▸ **Activity**
Please copy the listing that follows exactly, leaving out any pictures.

▸ **Given material**
____________

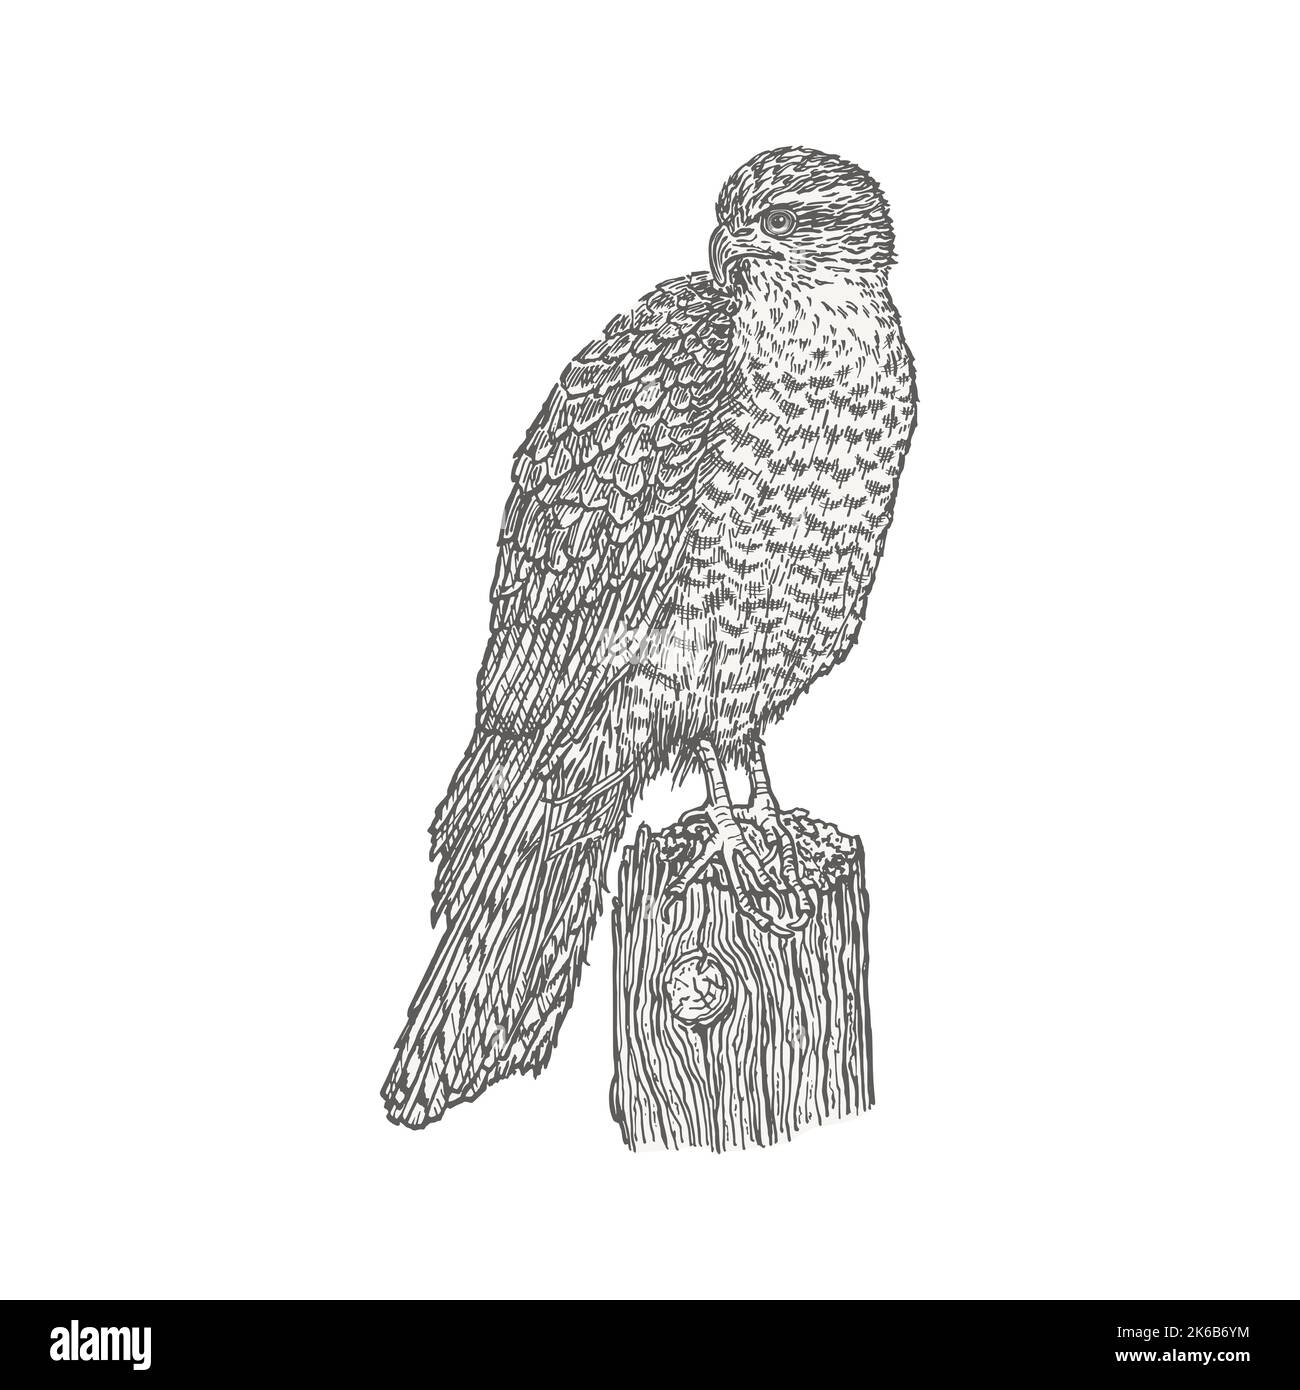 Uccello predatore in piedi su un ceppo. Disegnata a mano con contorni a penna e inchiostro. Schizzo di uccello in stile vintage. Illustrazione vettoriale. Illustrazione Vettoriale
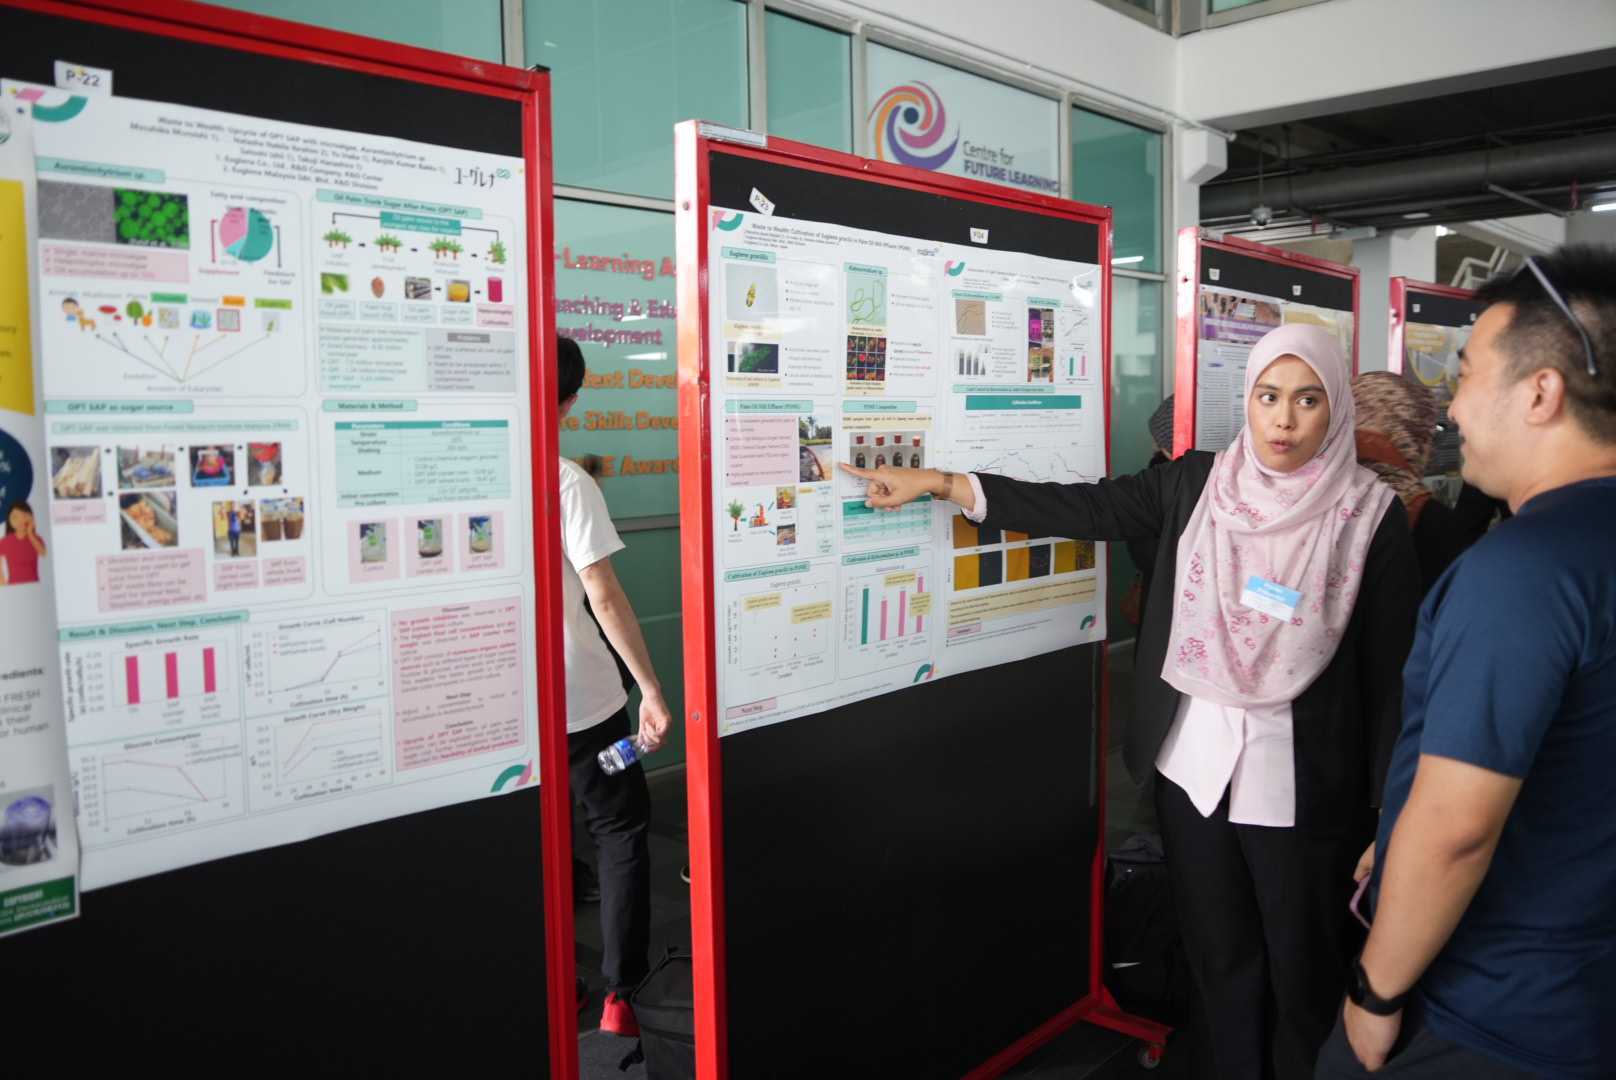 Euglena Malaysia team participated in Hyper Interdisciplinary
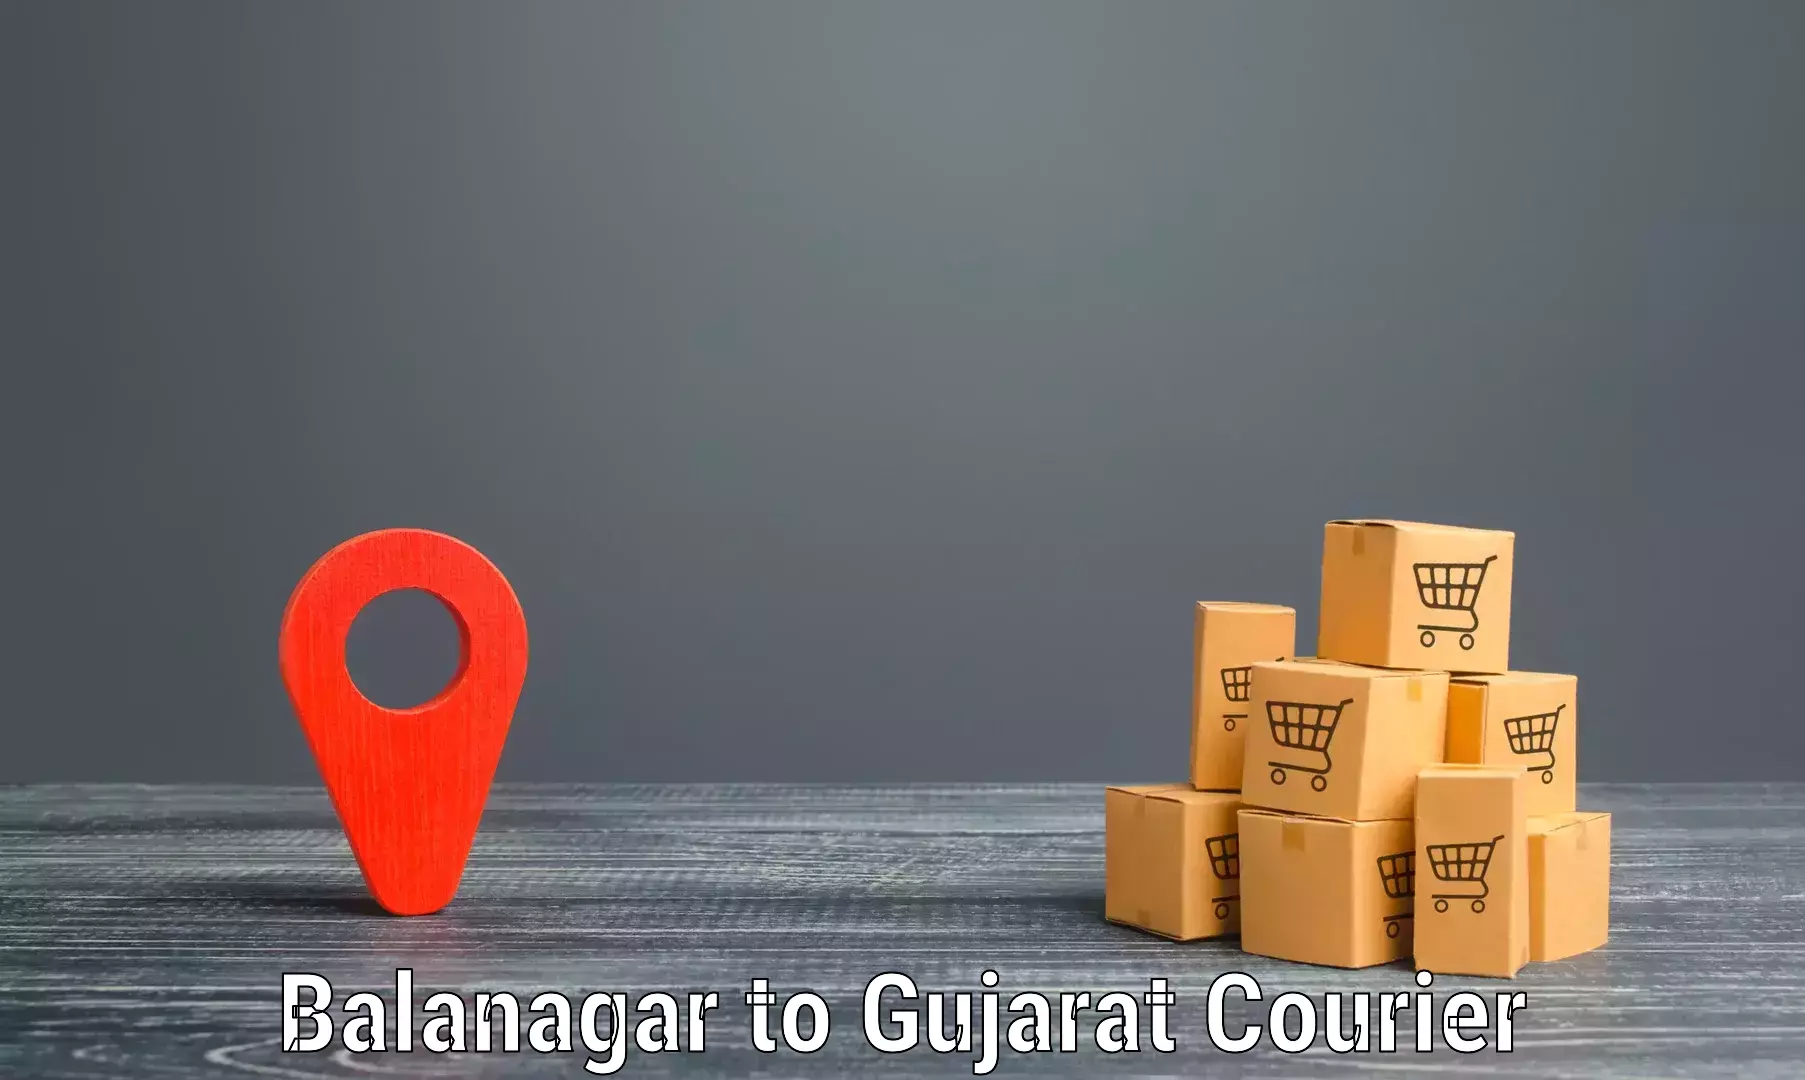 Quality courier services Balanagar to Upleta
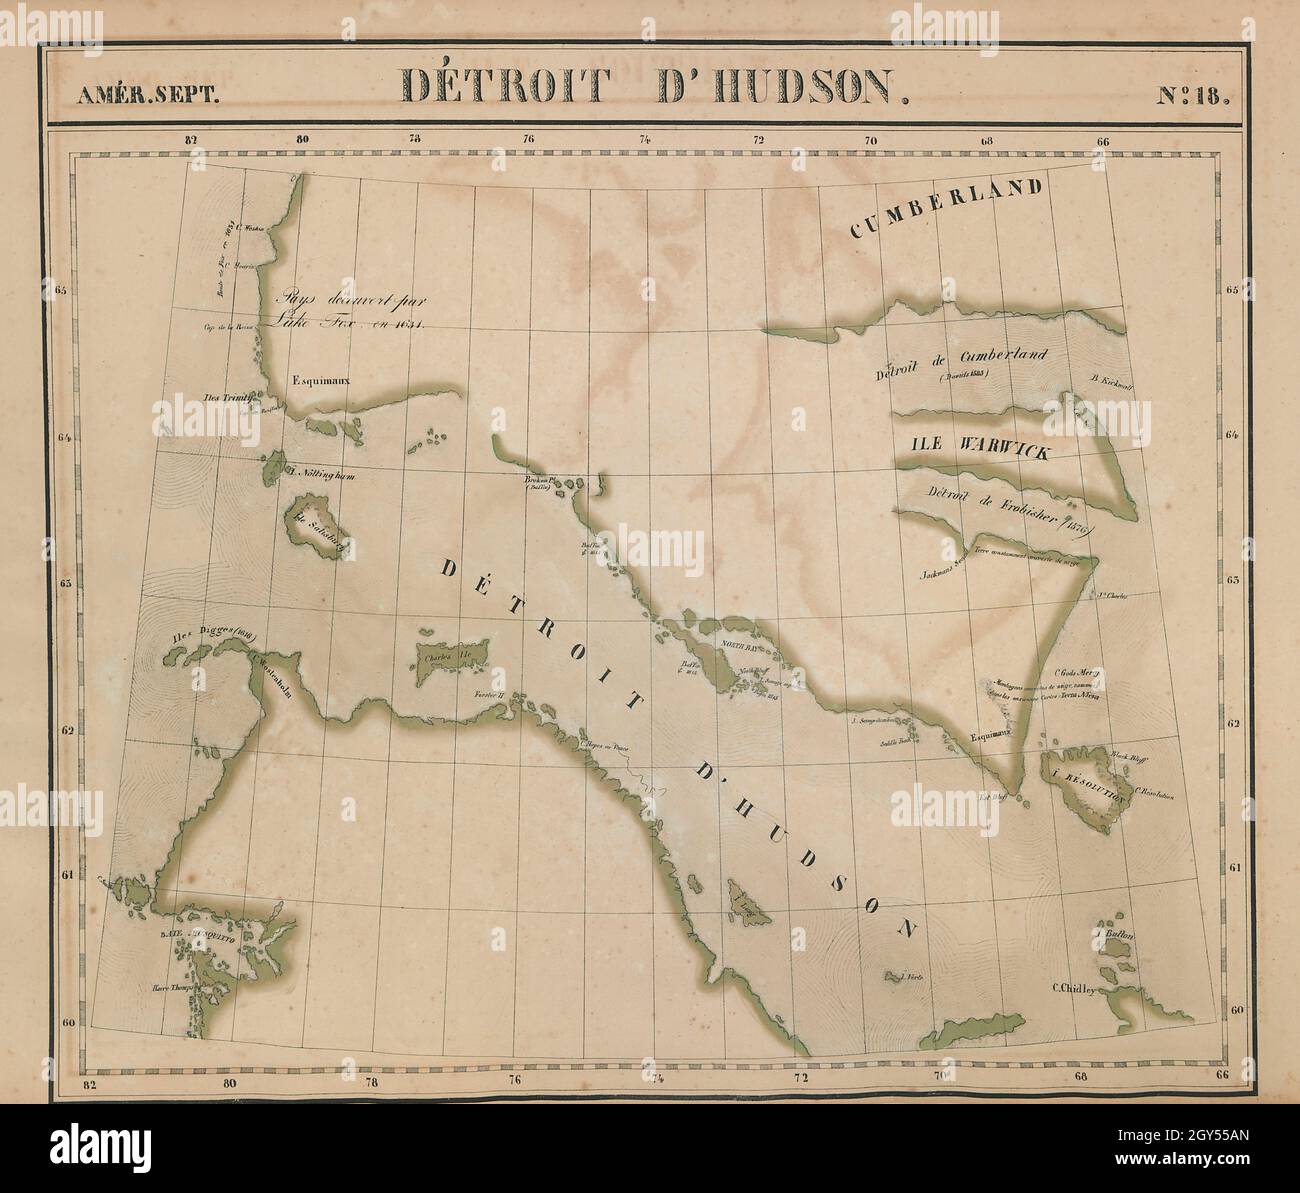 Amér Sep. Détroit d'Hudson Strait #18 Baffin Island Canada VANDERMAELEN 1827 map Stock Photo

____________

▸ **Response to this exercise**
 Uccello predatore in piedi su un ceppo. Disegnata a mano con contorni a penna e inchiostro. Schizzo di uccello in stile vintage. Illustrazione vettoriale. Illustrazione Vettoriale
 Euglena Malaysia team participated in Hyper Interdisciplinary
 Quality courier services Balanagar to Upleta
 Amér Sep. Détroit d'Hudson Strait #18 Baffin Island Canada VANDERMAELEN 1827 map Stock Photo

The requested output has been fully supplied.